Give back an exact copy of the entries beneath, minus the pictures.

[[ RECORDS SUPPLIED open ]]

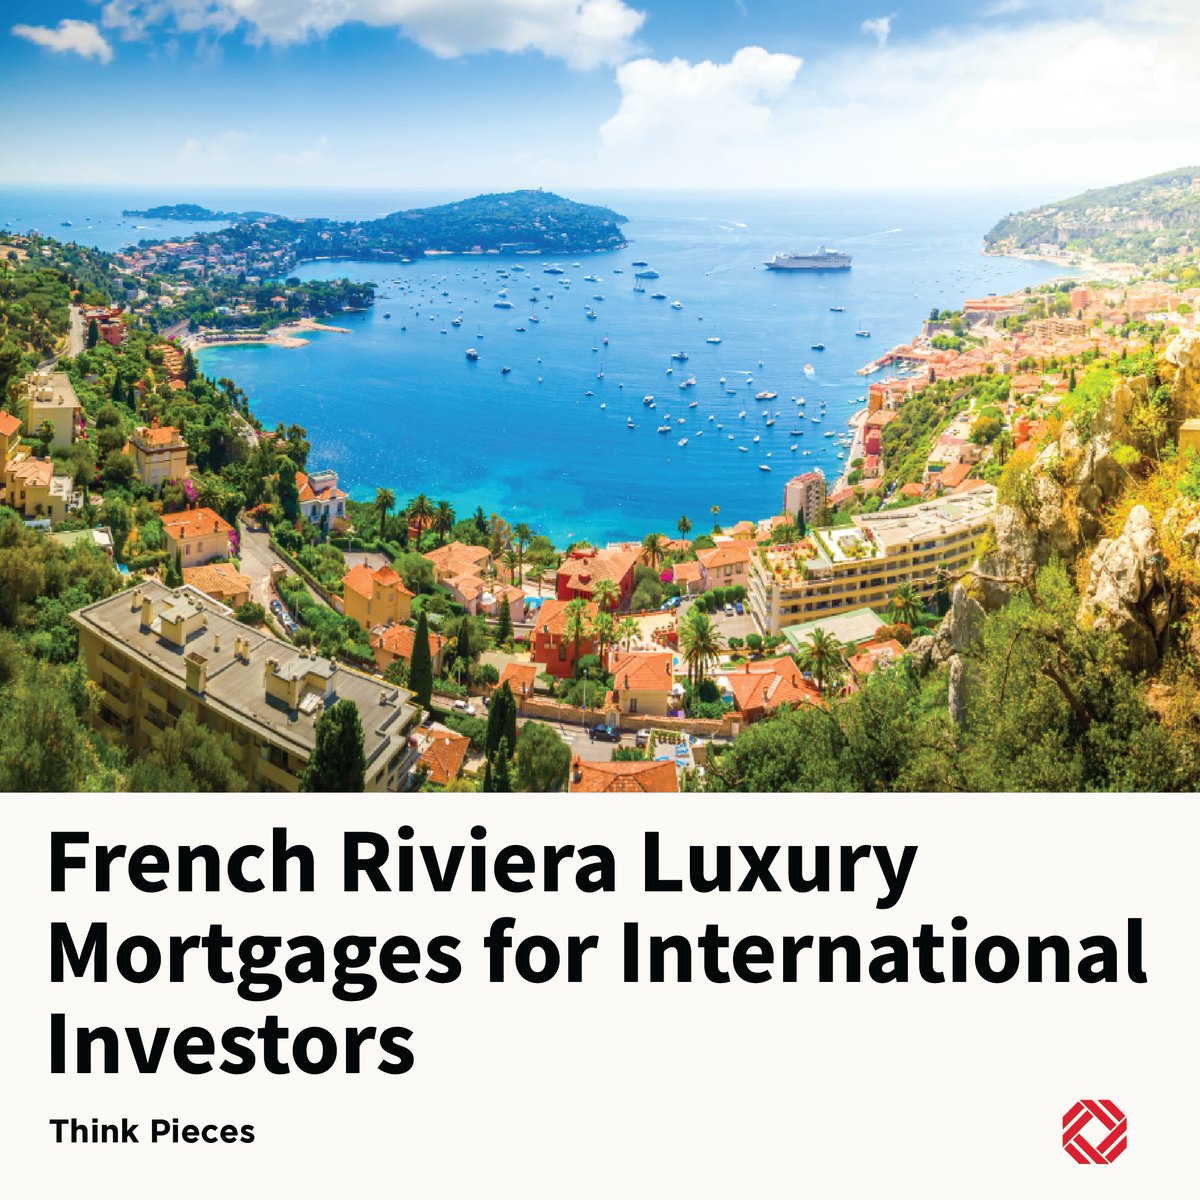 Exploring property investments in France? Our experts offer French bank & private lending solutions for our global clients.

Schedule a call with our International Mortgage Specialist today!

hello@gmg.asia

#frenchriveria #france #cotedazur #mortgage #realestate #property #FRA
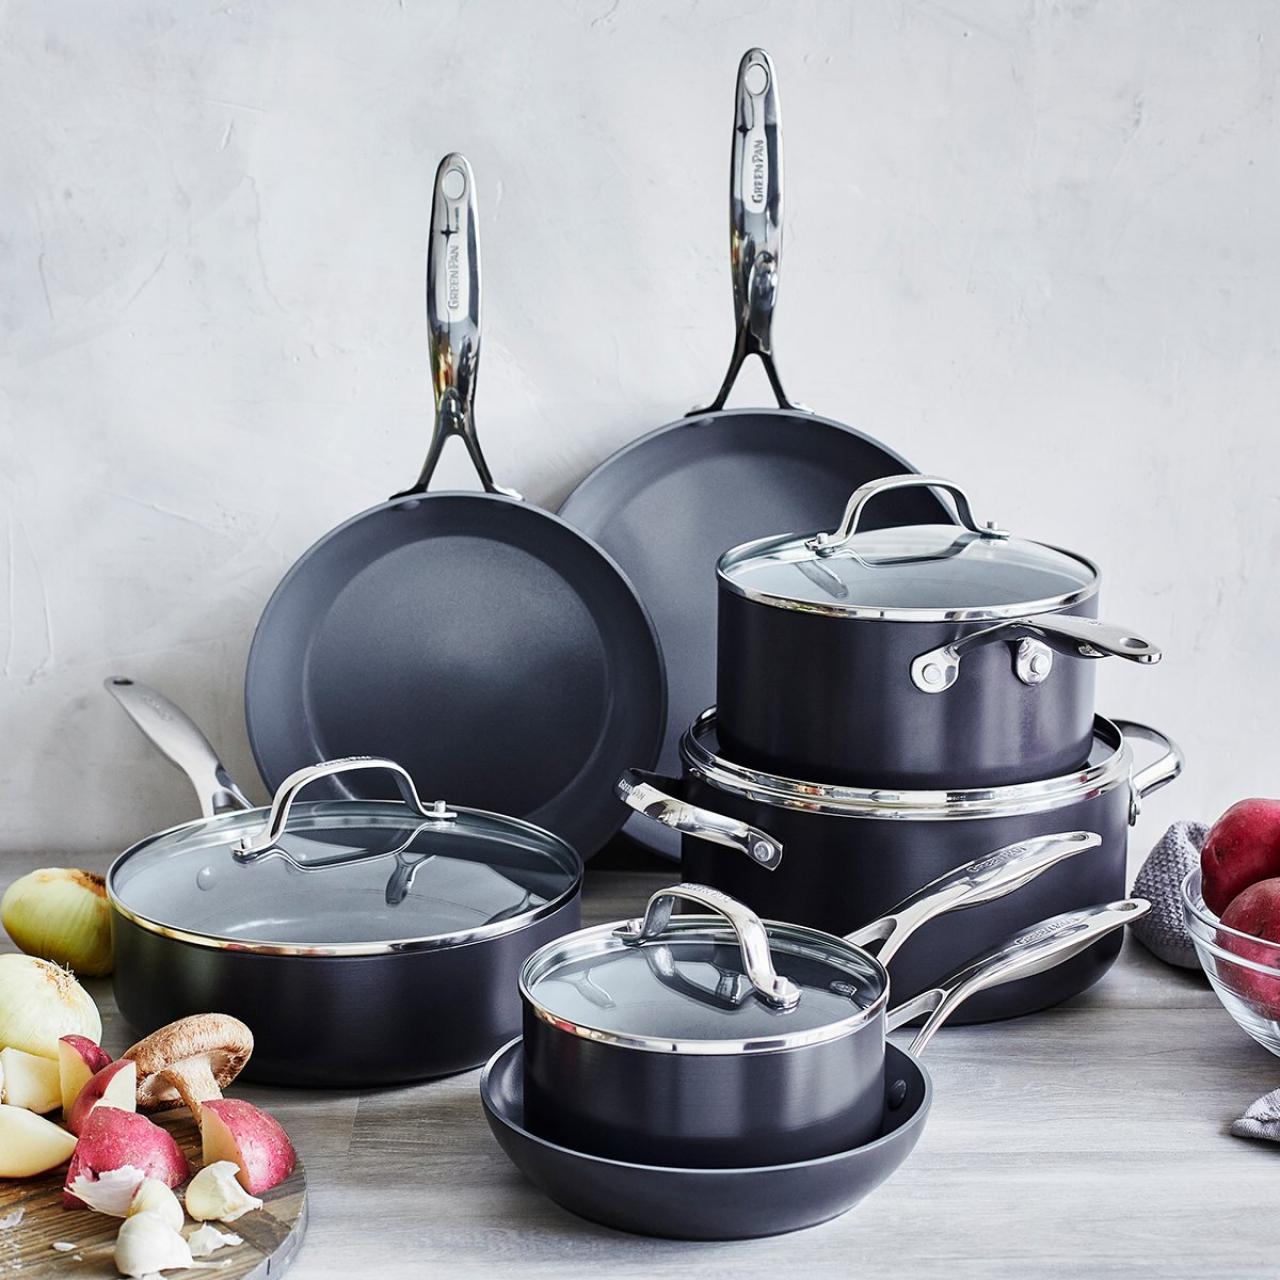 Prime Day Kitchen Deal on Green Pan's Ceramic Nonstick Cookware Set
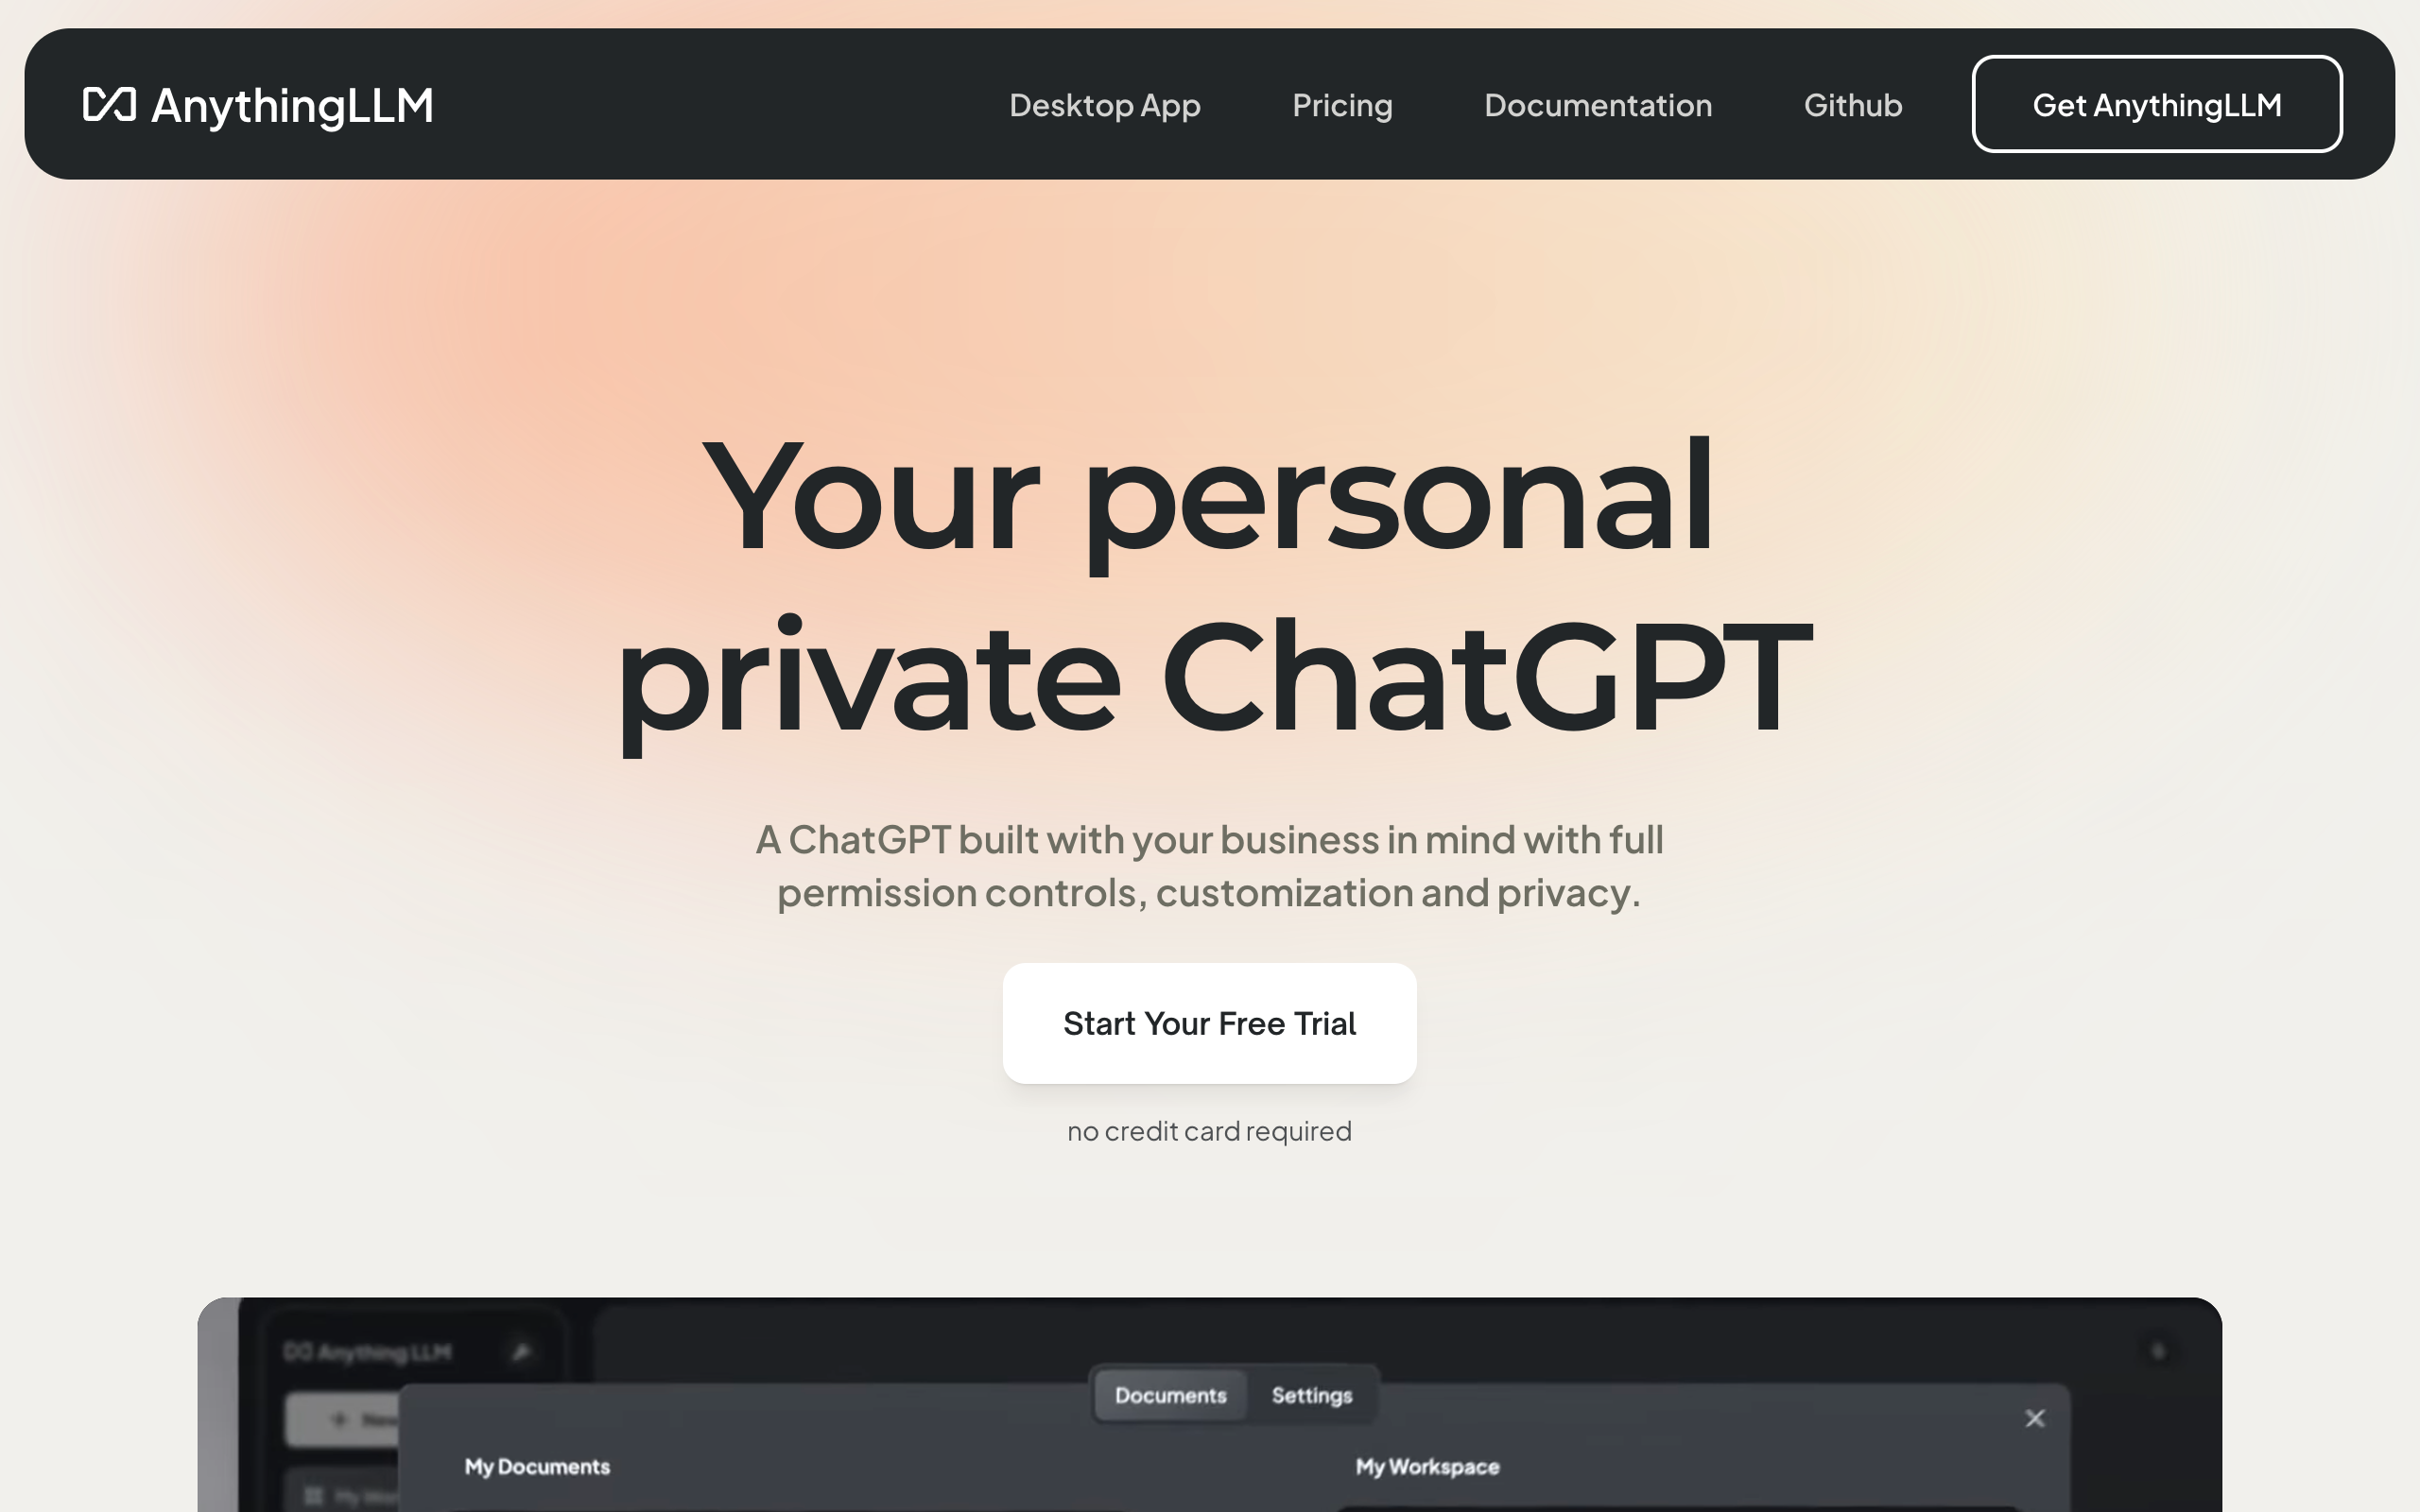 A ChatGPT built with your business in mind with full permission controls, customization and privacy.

[[ RECORDS SUPPLIED closed ]]

*ANSWER TO THIS EXERCISE*
 Exploring property investments in France? Our experts offer French bank & private lending solutions for our global clients.

Schedule a call with our International Mortgage Specialist today!

hello@gmg.asia

#frenchriveria #france #cotedazur #mortgage #realestate #property #FRA
 Prime Day Kitchen Deal on Green Pan's Ceramic Nonstick Cookware Set
 A ChatGPT built with your business in mind with full permission controls, customization and privacy.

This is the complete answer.